Да, мир твой мною полнился до края,
но я была совсем-совсем чужая,
из этих, из приезжих, сволочей.
Дразнило взгляды пёстрое парео,
распахиваясь дерзко на ветру,
в тебе клубились ямбы и хореи,
и слово позабытое «нимфея»
рвалось на свет — понятно, не к добру.
Я подошла.
День замер, солнце стало,
мир сбился с такта и пошёл вразнос.
Фригийским ладом лязгнули кимвалы,
и ты, качнувшись торсом возмужалым,
вдруг что-то несусветное понёс.
Сбивались в кучу люди и кентавры,
взрывались звёзды.
Пламенел закат,
настойчиво тянуло диким лавром.
С трудом пройдя сквозь тернии цитат,
аллюзий, ссылок, архетипов, мифов,
беспечная, безмысленная фифа,
я вклинилась.
Звеня, металл презренный,
пройдя сквозь сонмы яростных горнил,
прошил насквозь ядро твоей вселенной,
и глас небесный громко возвестил:
— Мне персиков кило!
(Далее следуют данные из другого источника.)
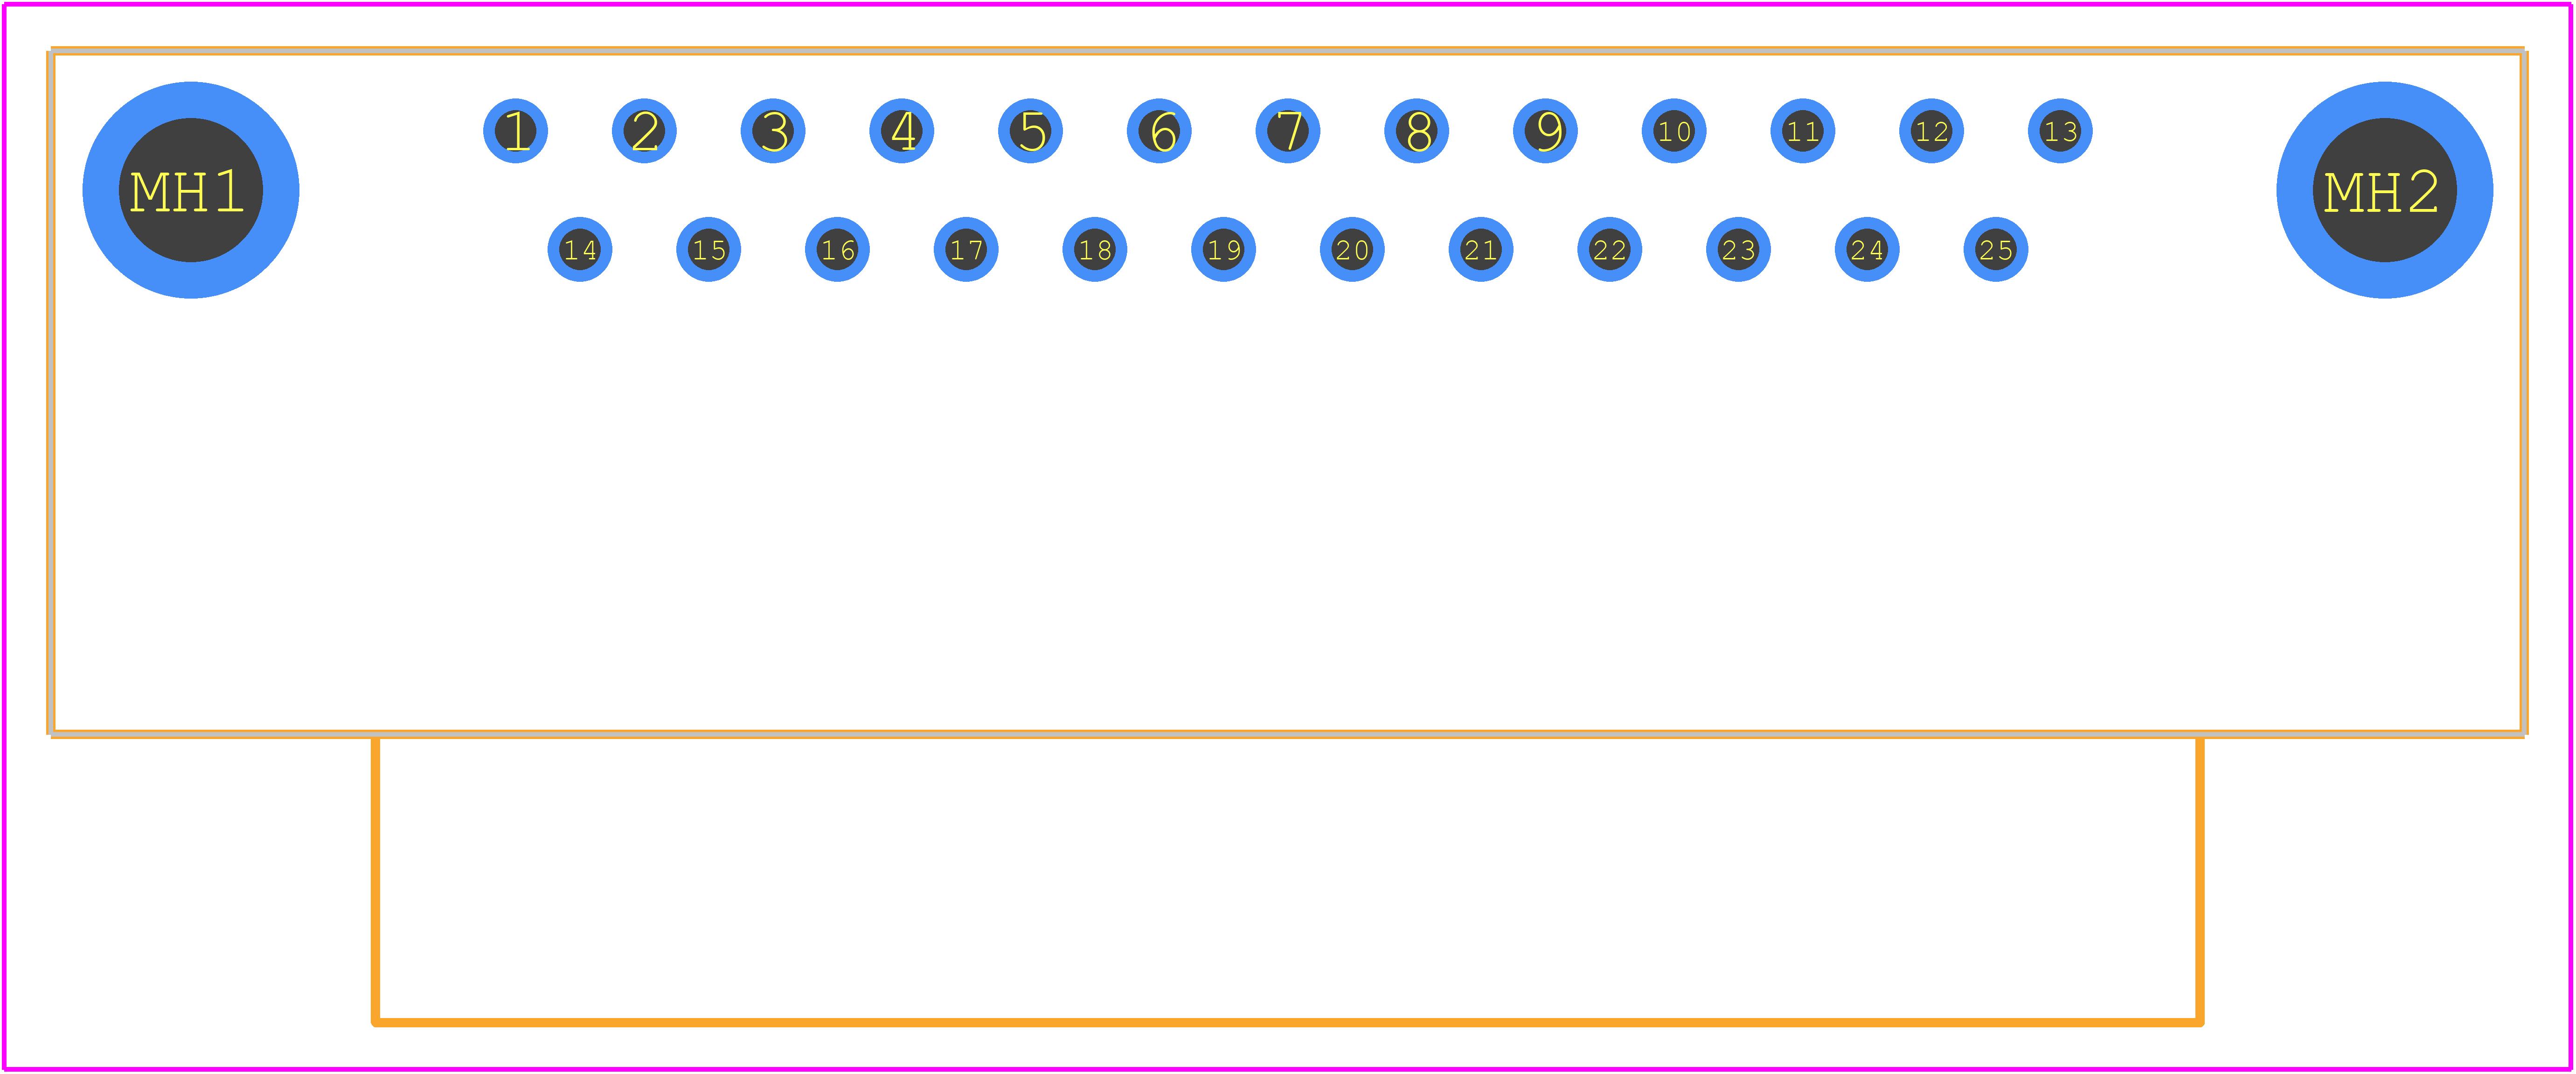 D25S13A4PL00LF - FCI PCB footprint - Other - D25S13A4PL00LF
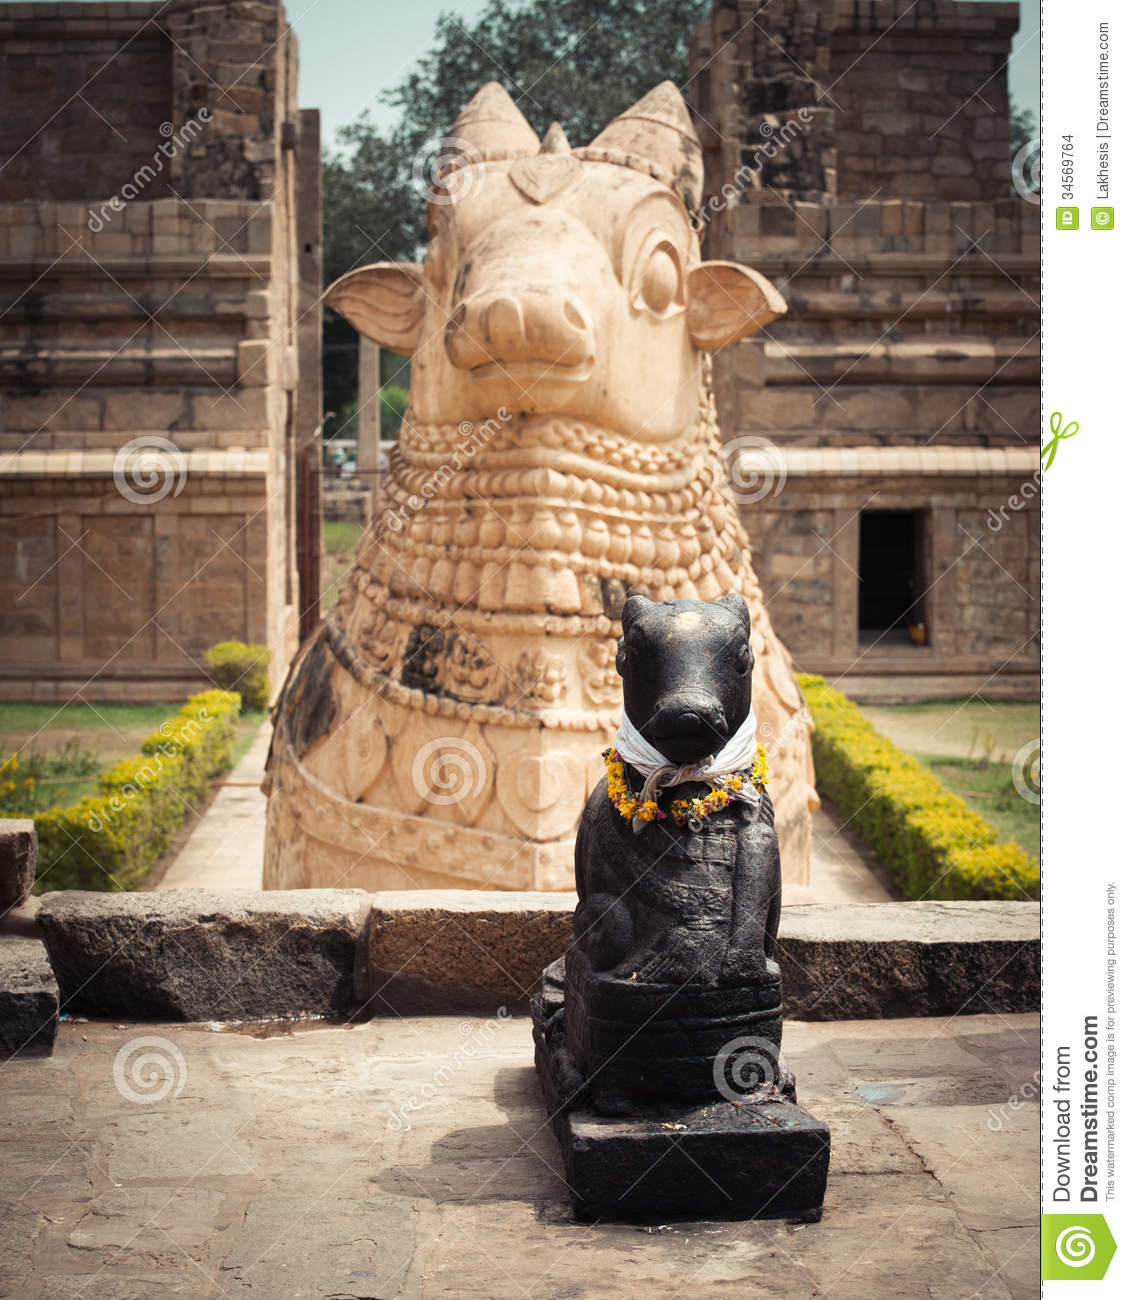 Statue Of Nandi Bull At Hindu Temple. India Stock Images.

Не нужно сдачи.—
И ты поник, мой жгучий южный мачо,
и чем-то на секунду стал мне мил.
Но берег звал, и море наливалось
теплом вечерним, и под шум волны
мне как-то по-особому зевалось.
Я ела персики и в кратеры Луны
швыряла косточки и думала, что малость
сладка вполне,
а мир летел в туманность,
которой мы ни капли не нужны.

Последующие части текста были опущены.